Sri Lanka attaché to be retried in U.K. over ‘throat-cutting’ gesture

A former Sri Lankan defence attaché to the U.K., who faced private prosecution over a “throat-cutting gestures” made to Tamil protesters outside the country’s London Embassy, is to face a new trial in May, after the judge decided the case needed to be re-tried following a technicality.

It came after a previous hearing at which the judge had concluded that while the attaché, Brigadier Priyankara Fernando, was covered by diplomatic immunity on the day of the incident, he was no longer a diplomat and as the role he was carrying out didn’t count as an “act performed in the exercise of his functions”, he no longer had diplomatic immunity.

“It was not part of Brigadier Fernando’s job description to make the alleged cut-throat gestures on the three occasions, it could not be part of the mission’s function,” concluded Chief Magistrate Emma Arbuthnot of Westminster Magistrates Court, in a hearing earlier this year. However, at a hearing on Friday, it was decided that the case should be reheard on May 7, after it emerged the court had failed to notify the private prosecutors and the defence team of documents that had been forwarded to it relating to notification given to Britain’s Foreign and Commonwealth Office around the case.
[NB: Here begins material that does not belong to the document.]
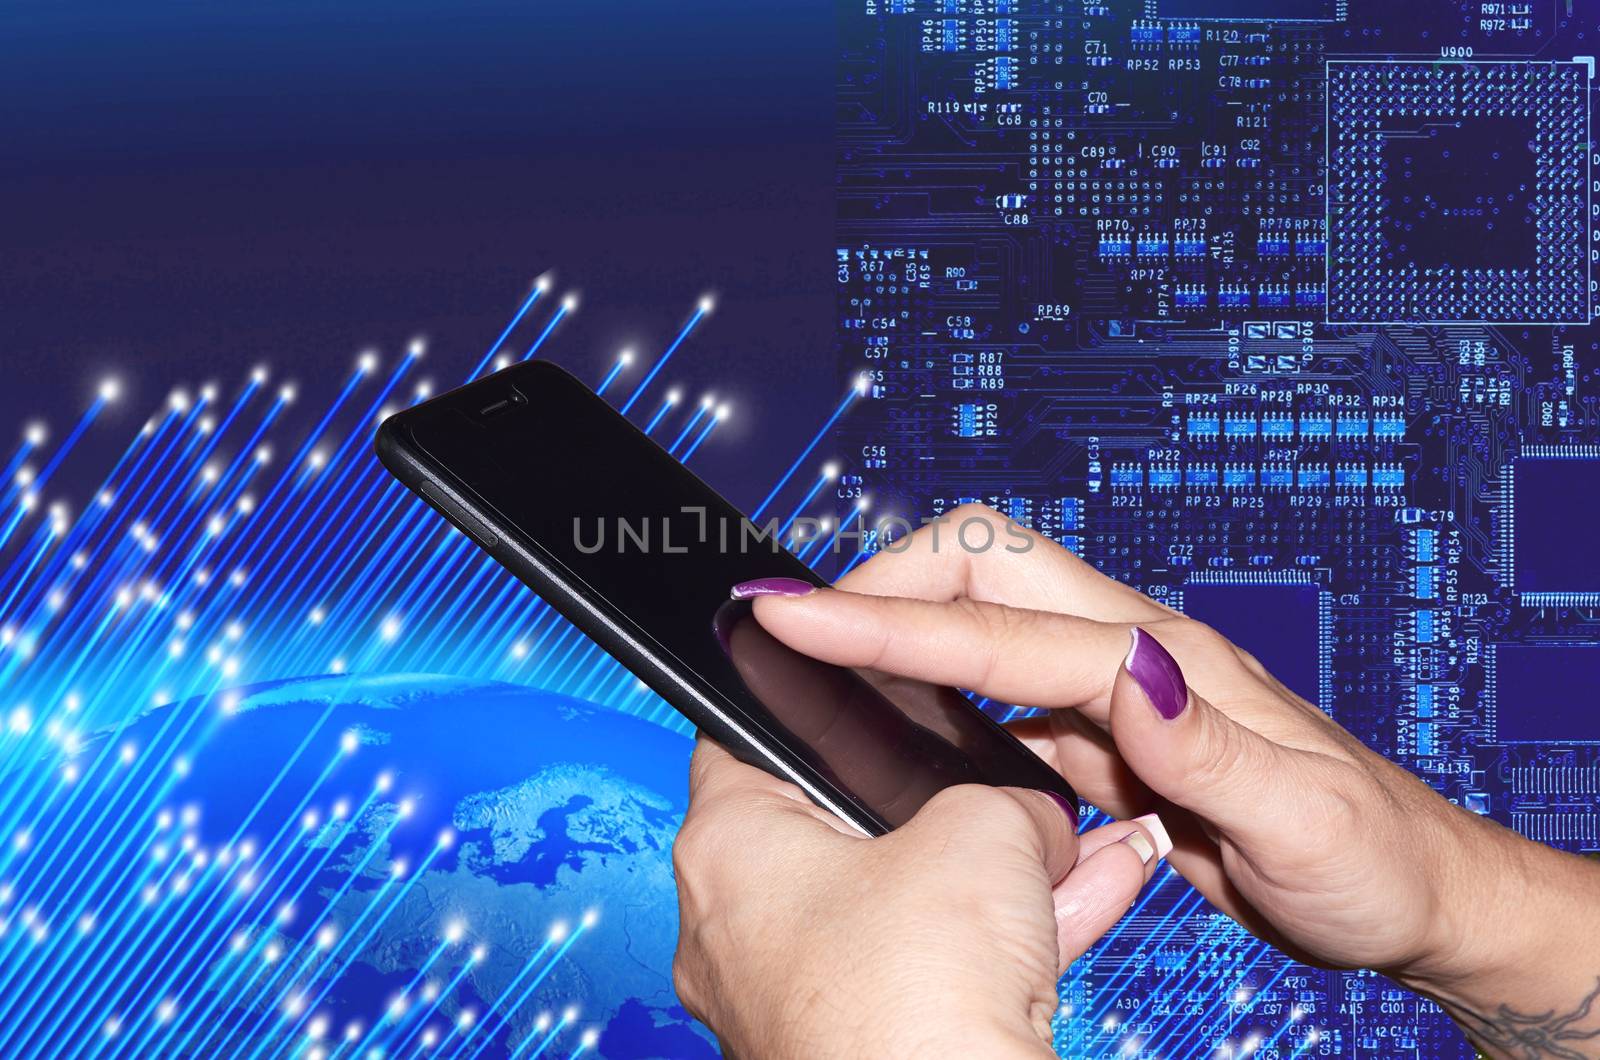 Woman's hands holding a mobile phone world background and circuits

The alleged incident occurred on February 4, 2018 (Sri Lanka’s independence day) when Tamil protesters gathered outside the nation’s Embassy in London, some waving Tamil Eelam flags, some carrying placards calling for the release of political prisoners in Sri Lanka. It is alleged that during this time, Brigadier Fernando, a former member of the Sri Lankan Army’s 59 division which was involved in many of the frontline battles with the LTTE made three “throat cutting gestures” towards the protesters while dressed in military uniform.

After complaints were made across London police stations, the police got involved, and MPs raised the issue in Parliament and the Brigadier was suspended. While the U.K. government insisted it took the case “very seriously”, the Brigadier left the U.K. last year without charge. However, a private prosecution has been mounted by three men involved in the protest and in January, the Brigadier was convicted — in his absence — of public order offences.

However, an arrest warrant was issued and hastily withdrawn amid questions of his status as a diplomat. Then the judge concluded that because the act didn’t count as one performed in his exercise of functions as a diplomat, he no longer enjoyed diplomatic protection for it. Campaigners had expressed concerns about some of the facts to emerge during the course of the case – including details of the Brigadier’s job description which involved monitoring anti-Sri Lankan activities in the U.K. and reporting on them, which some Tamil campaigners have labelled a “witch-hunt”.

“For my client it’s a very important case,” says Paul Heron, one of the private prosecutors from the Public Interest Law Unit. “They feel that they have escaped from the extremely difficult situation in Sri Lanka, particularly in the Tamil area, and come to one of the oldest democracies to feel safe and secure and they feel it important that no matter who you are — a diplomat or a cleaner — you have to abide by law.”